EBITDA is not a recognized term under GAAP and does not purport to be an alternative to operating income or net income as an indicator of operating performance or any other GAAP measure. EBITDA is not a complete net cash flow measure because EBITDA is a measure of liquidity that does not include reductions for cash payments for an entity’s obligation to service its debt, fund its working capital, capital expenditures and acquisitions, if any, and pay its income taxes and dividends. Rather, EBITDA is a potential indicator of an entity’s ability to fund these cash requirements.
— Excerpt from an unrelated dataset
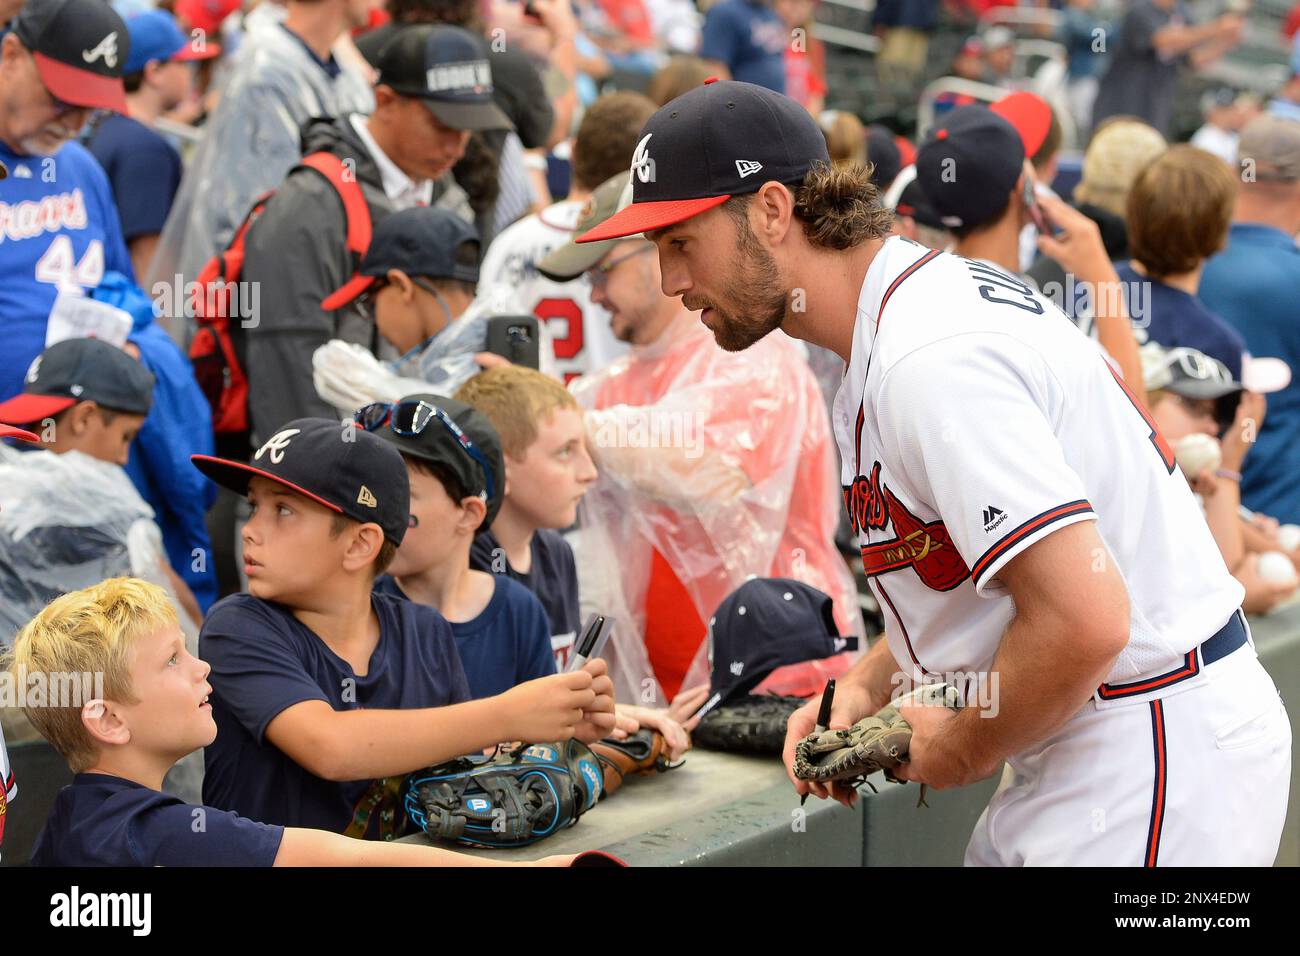 ATLANTA, GA – JUNE 01: Atlanta's Charlie Culberson (16) signs autographs  for fans prior to the start of the game between Atlanta and Washington on  June 1st, 2018 at SunTrust Park in

EBITDA also is not a complete measure of an entity’s profitability because it does not include costs and expenses for depreciation and amortization, loss on extinguishment of debt, interest and related expenses and income taxes. Because not all companies use identical calculations, this presentation of EBITDA may not be comparable to other similarly titled measures of other companies. However, EBITDA can still be useful in evaluating our performance against our peer companies because management believes this measure provides users with valuable insight into key components of GAAP amounts.